特 集

なんでこれがアートなの?

―『開放系』を観て―(1)


 1994年4月2日から5月29日まで、「水戸アニュアル'94開放系−OpenSystem−」が行われた。水戸アニュアルは、水戸芸術館現代美術センターの学芸員のオリジナル企画で、毎年1回行われている。今回は渡部誠一学芸員*による企画で、展覧会のテーマは『開放系』。このテーマのもとで、柳幸典、田甫律子、蔡國強、刈谷博の4人の作家が選ばれた。


― 展覧会会期中のある日の午後。カフェでおしゃべりしているのは、さっきまでギャラリーにいた3人。20代くらいの男性2人 A、B と女性 C。

A:あー、疲れたぁ。作品が「濃い」っていうのかな、こういうのってさ。

C:わたし、何か全然よくわかんなかったわ。

B:どうして?

C:どうしてって言われても、わかんないものはわかんない…。

A:おもしろくなかったの?ぼくはすごくおもしろかったけどなー。

B:うーん。例えば、何がわからなかった?

C:例えばねぇ…。そう、あれ。あの、松の木がぶらさがってる部屋で、お墓があったじゃない。なんで、お墓が美術なのよ。ただ、誰かのお墓がそこに置いてあっただけじゃない。

蔡国強 「長生」

A:お墓が美術館にあるってのがおもしろいんだよ。

B:あれは、お墓だけが作品じゃないんだよ。あれは、蔡國強さんの『長生』っていう作品で、あの部屋全体が作品なんだ。
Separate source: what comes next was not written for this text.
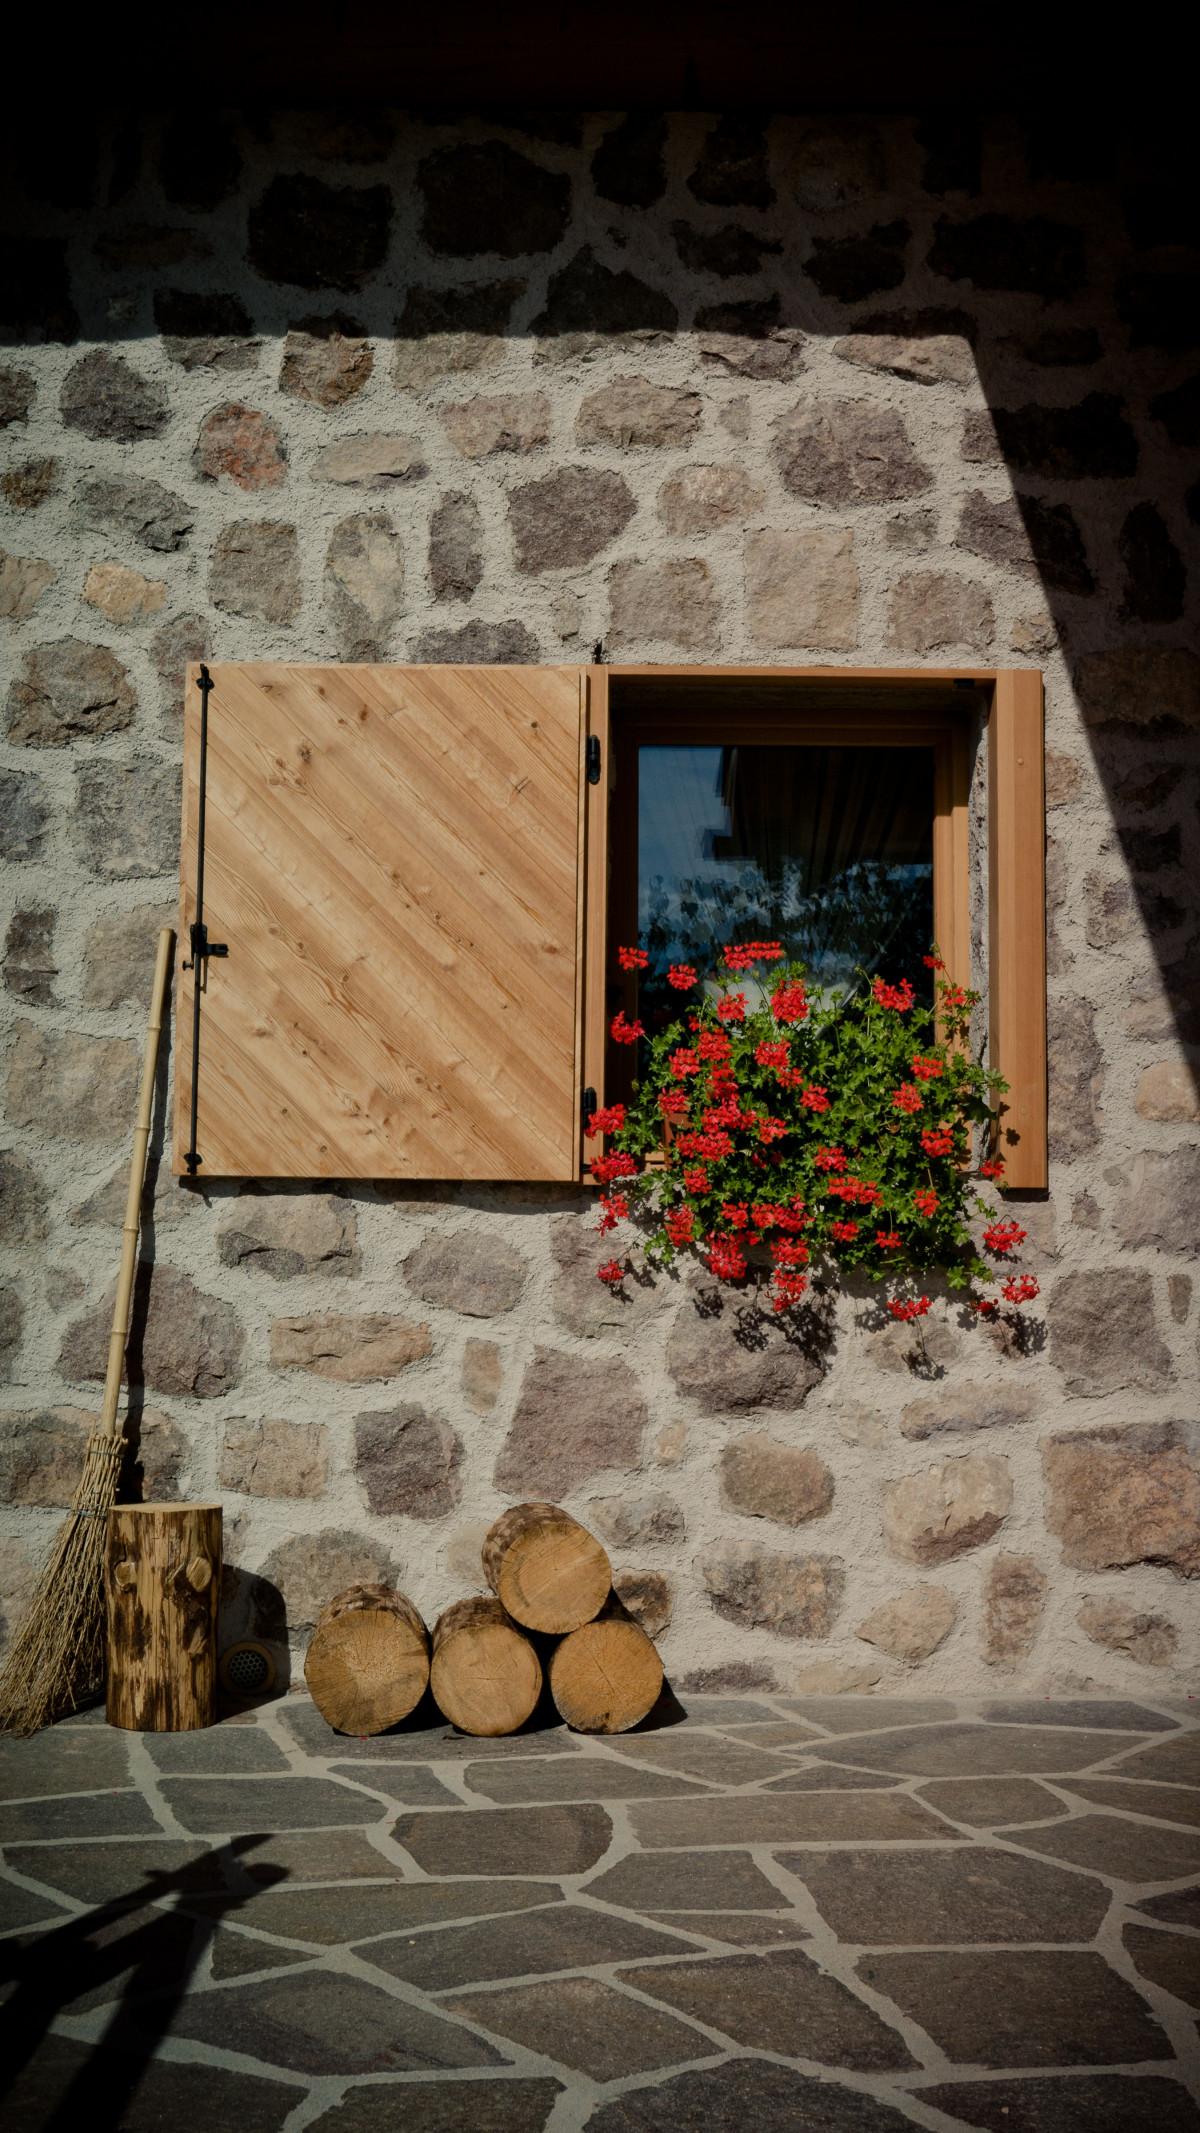 Fotos gratis madera casa piso ventana pared r stico for Casas de ladrillo rustico

C:うん、それはなんとなくわかるんだけど、でも、蔡國強さんがあのお墓を彫って作ったわけじゃないでしょ。あれは、誰か職人さんが作ったものじゃない。自分の作品だって言っておいて、他人が作ったものを並べていいわけ?

A:うわっ、キツイなー。…でも、そう言われると、ぼくも自信なくなってきたなあ。

B:蔡國強さんの今回の作品は、中国の『風水』の思想をテーマにしてるんだ。航空写真のCGが壁にあっただろ。あれは、水戸市をその『風水』によって調べた結果が表してあるんだ。そういう現実の世界に対して、死後の世界という意味でお墓を置いたんだ。『風水』では、お墓のことは「陰宅」、現実の世界での家は「陽宅」って言って、対になるものとして考えられているんだよ。

A:じゃあ、お墓はその「陰宅」を表すもの、つまり、象徴みたいなもの、として置かれてるんだね。
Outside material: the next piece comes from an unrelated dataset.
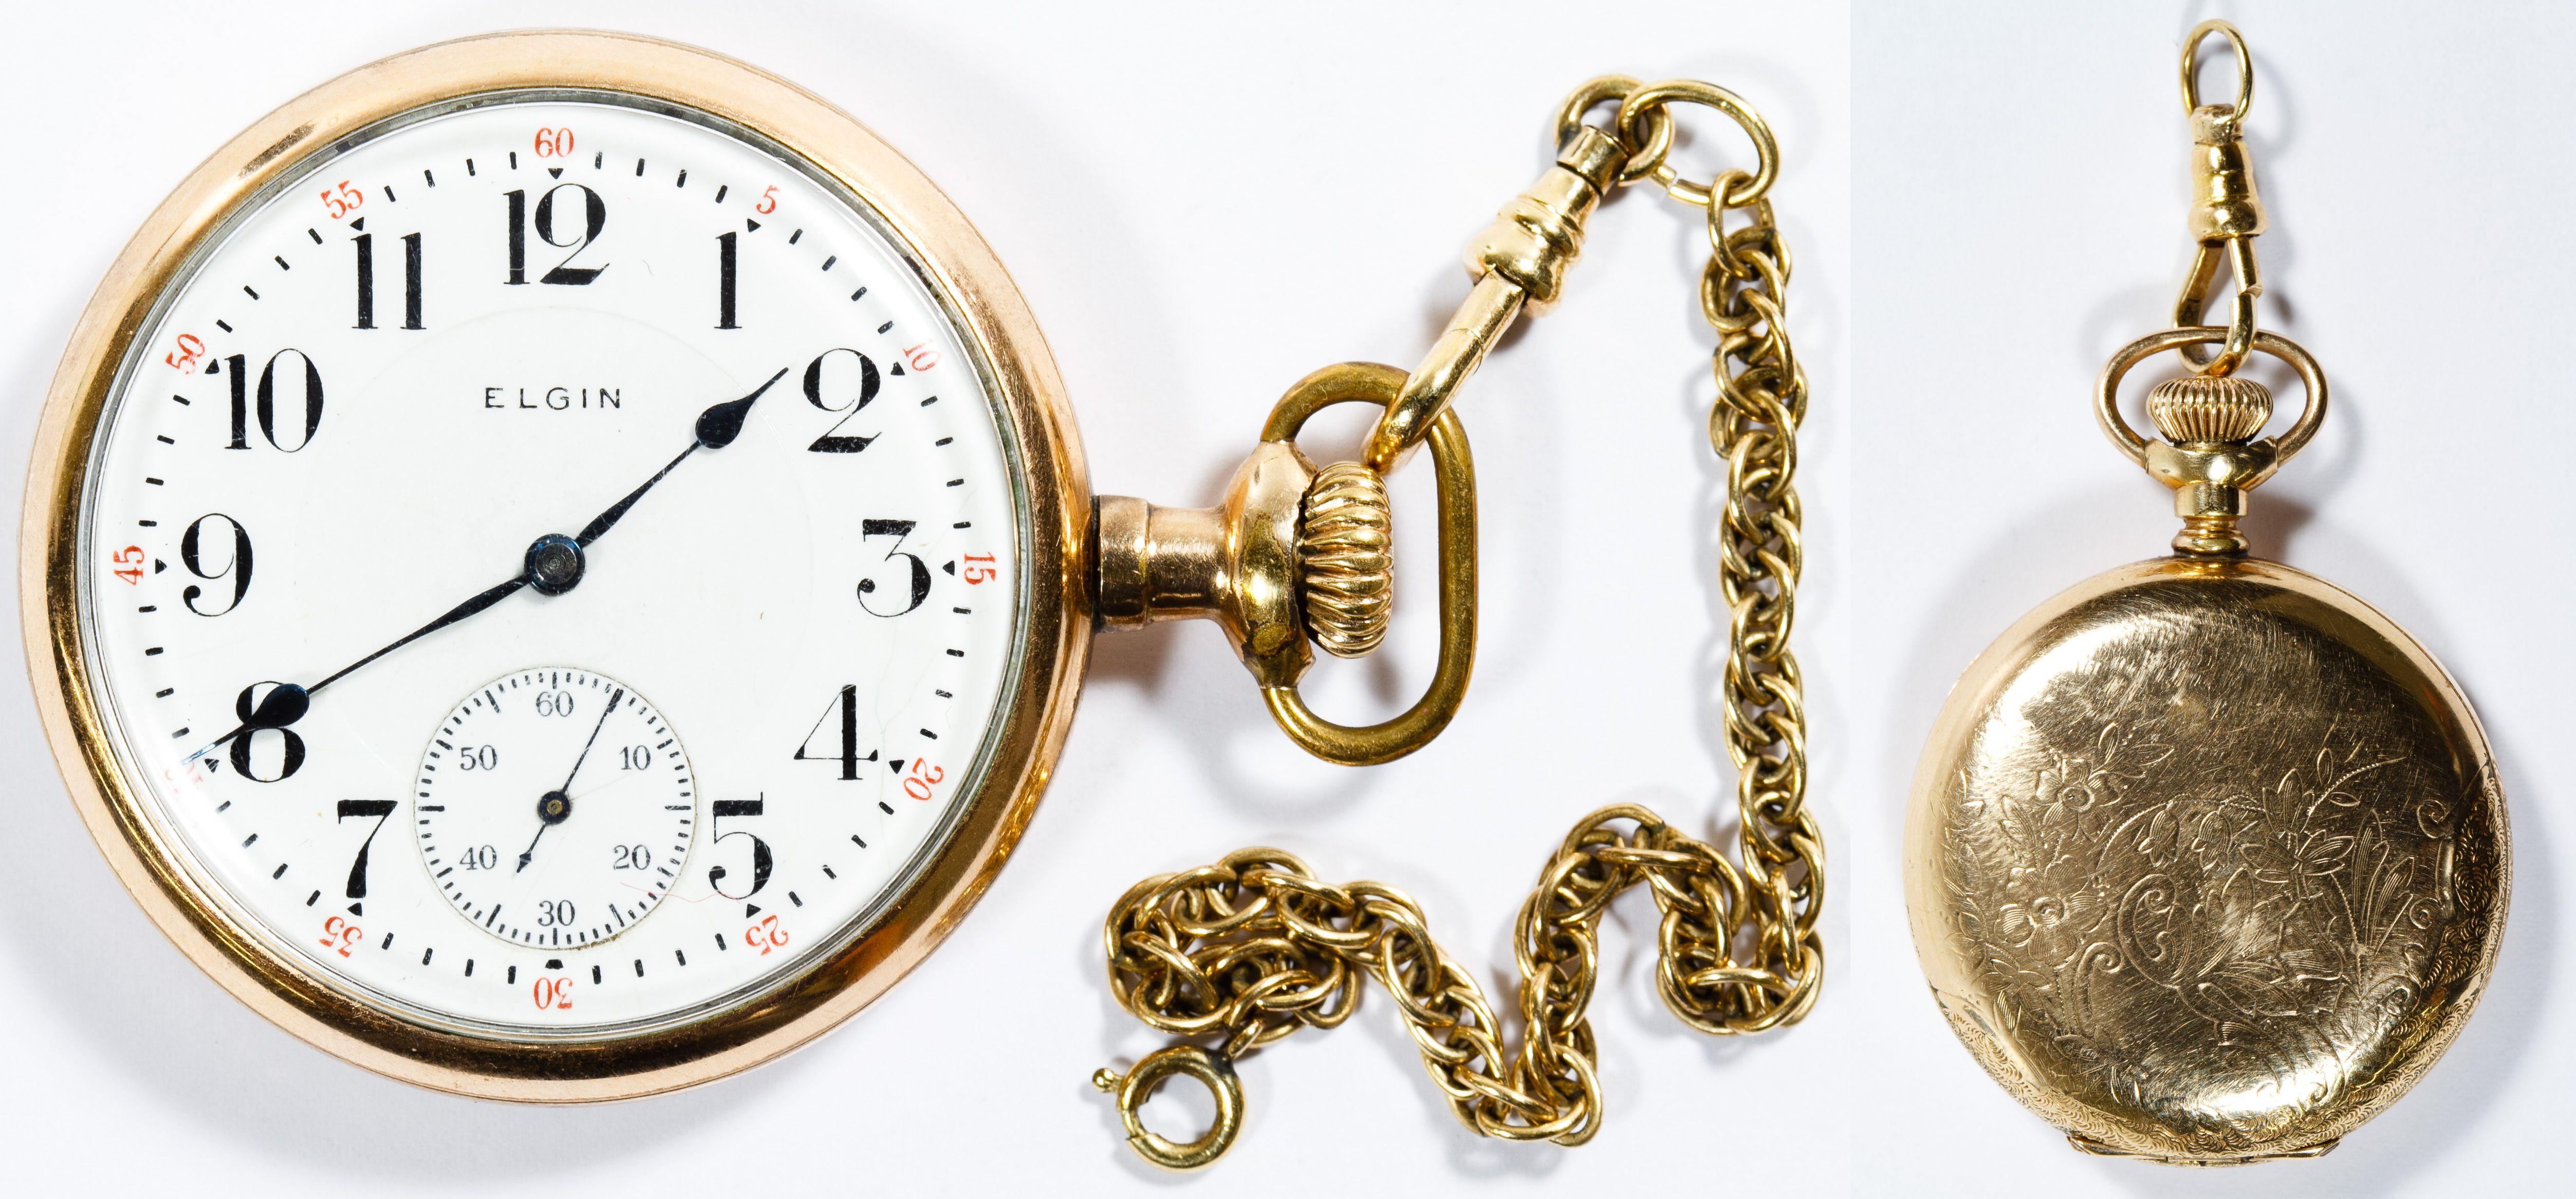 Dating Elgin Pocket Watch serienummer orthodoxe jood dating site

B:そうだと思うよ。そんなふうに意味を持たせてその場所に置く、ていうことが、作家の表現の方法になってるんだよ。

C:自分の手で作ったものじゃなくてもいいんだ?

A:でも、その場所に何を置くのかっていうのは、作家が選んでいるんだよ。

B:そうそう。作家は何か表現したいことがあって、それを表現するためにはどうすればいいかって考えてるんだよ。それで、自分で絵を描いて表現しようと思う人はそうするし、お墓を持ってくることで表現できると思えばそうするし。

A:作家の考えてることとかをどう形にするか、てことなんだね。

C:ねえ、それじゃあ、作品ってのは、手段なわけ? 作家の考えを伝えるための。

B:うっ…

*本ページの内容は、1994年9月1日発行当時のものです。